All experimental mice were maintained in the animal facility of the Hebrew University under specific pathogen-free conditions. All animals were treated according to institutional guidelines approved by the Institutional Animal Care and Use Committee (IACUC) at Hebrew University (Protocol MD-21-16361-5).

Studying the spatial and temporal dynamics of BTL penetration into neuronal brain cells

In utero electroporation was performed on E14.5 timed pregnant ICR dames. The lateral ventricle of embryos was injected with a plasmid encoding CAG-mEGFP at a concentration of 1 μg/μl with 0.01% Fast Green dye. Five electrical pulses (45 V, 50-ms duration, 1 Hz) were delivered using a NEPA21 electroporator (NEPAGENE). Following birth, GFP-positive pups were identified and left to mature until p30. For cranial window surgery, mice were anesthetized with isoflurane, placed in a stereotaxic frame, and the skin and skull were exposed. A dental drill was used to perform a 2.5–3 mm circular craniotomy centered over the GFP-positive region. The skull was sealed using a cover glass, which was secured and attached to the exposed skull with a head plate fixing the head during imaging using dental cement. Mice were left to recover on a heating pad. After 2pFLIM imaging, mice were intravenously administered 350 μl 50 mM of Cy3-labeled BTL (1.68×10¹³ particles/ml) via the tail vein. For in-vivo 2pFLIM imaging, GFP, and Cy3 were excited using a Ti: sapphire laser (Chameleon, Coherent) at a wavelength of 920 nm and a power of 10–30 mW. Fluorescence lifetime images were obtained using a Bergamo two-photon microscope (Thorlabs) equipped with a time-correlated single photon counting board (Time Harp 260, Picoquant). Emission was collected with a 16×0.8 NA objective (Nikon), divided with a 565-nm dichroic mirror (Chroma), and detected with two photo-multiplier tubes with low transfer time spread (H7422-40p; Hamamatsu). Images were collected at 128×128 or 256×256 pixels, acquired at 2 ms/line, and averaged over 24 frames. The fluorescence lifetime of GFP and Cy3 was measured by curve fitting using custom software written with C#, as described previously.^[50] For analysis, TauD and TauAD values for GFP and Cy3 were fixed at 2.6 and 1.0 ns, respectively. A double exponential fit was calculated for regions of interest (ROI) on cell bodies and neurites. The difference in lifetime was calculated between a corresponding Cy3-labeled BTL-positive puncta and a nearby GFP background region (Figure S12). All animal experiments were approved by the Tel Aviv University Committee on Animal Care.

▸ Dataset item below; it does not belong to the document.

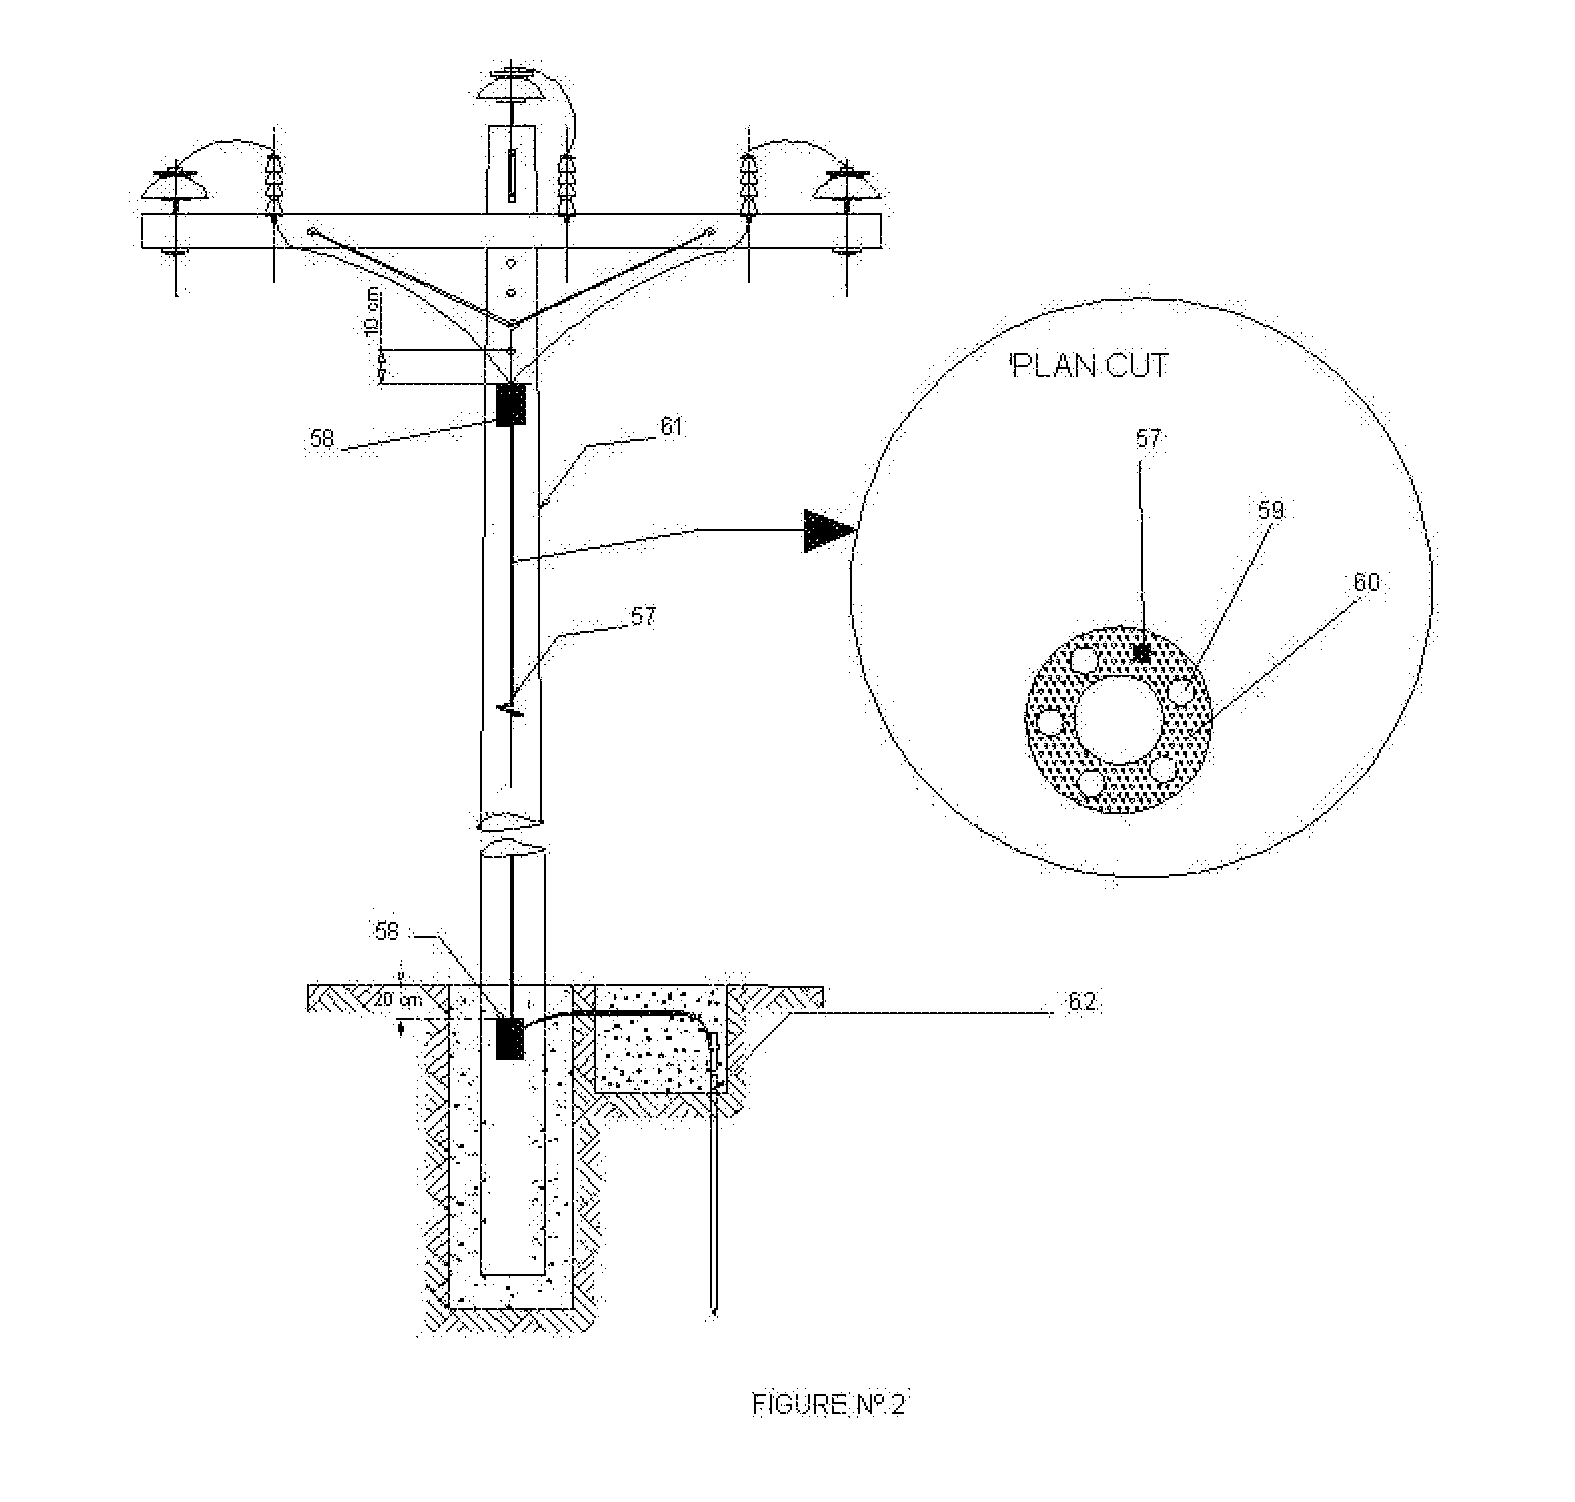 Electric energy distribution pole with incorporated ground system

Construction of a pAAV-hSyn1-eGFP-P2A-AS A53T-HA tag target plasmid

We next constructed an AAV vector exploiting the human synapsin-1 promoter to drive the expression of eGFP and alanine 53 to a threonine mutant AS linked by a self-cleaving P2A peptide, using A53T mutation by Inverse PCR applying primers hSynuclein A53T.FOR (5’–ACAACAGTGGCTGAGAAGACC- 3’) and hSynuclein A53T.REV (5’–CACACCATGCACCACTCCC – 3’) and a lentiviral plasmid pCMV-eGFP-wild type AS-HA tag as a template. Next, the HA-tagged A53T mutant AS gene was subcloned by Gibson assembly into NcoI and HindIII sites of plasmid pAAV-hSyn1-eGFP-P2A-eGFPf-WPRE-HGHpA (74513; Addgene, USA), applying lentiviral plasmid pCMV-eGFP-α-Syn-Puro A53T mut-HA tag as a template and the forward and reverse primers Syn-NcoI-gib.FOR (5’ – TGAAACAAGCAGGGGATGTCGAAGAGAATCCCGGGCCAGCCATGGATGTATTCATG AAAGGACTTTCAAAGG – 3’) and Syn-HindIII-gib.REV (5’ – TCTTTCACAAATTTTGTAATCCAGAGGTTGATTATCGATAAGCTTTTAAGCGTAATCT GGAACATCGTATGGG – 3’). Plasmid integrity was validated using DNA sequencing analysis (Figure S13).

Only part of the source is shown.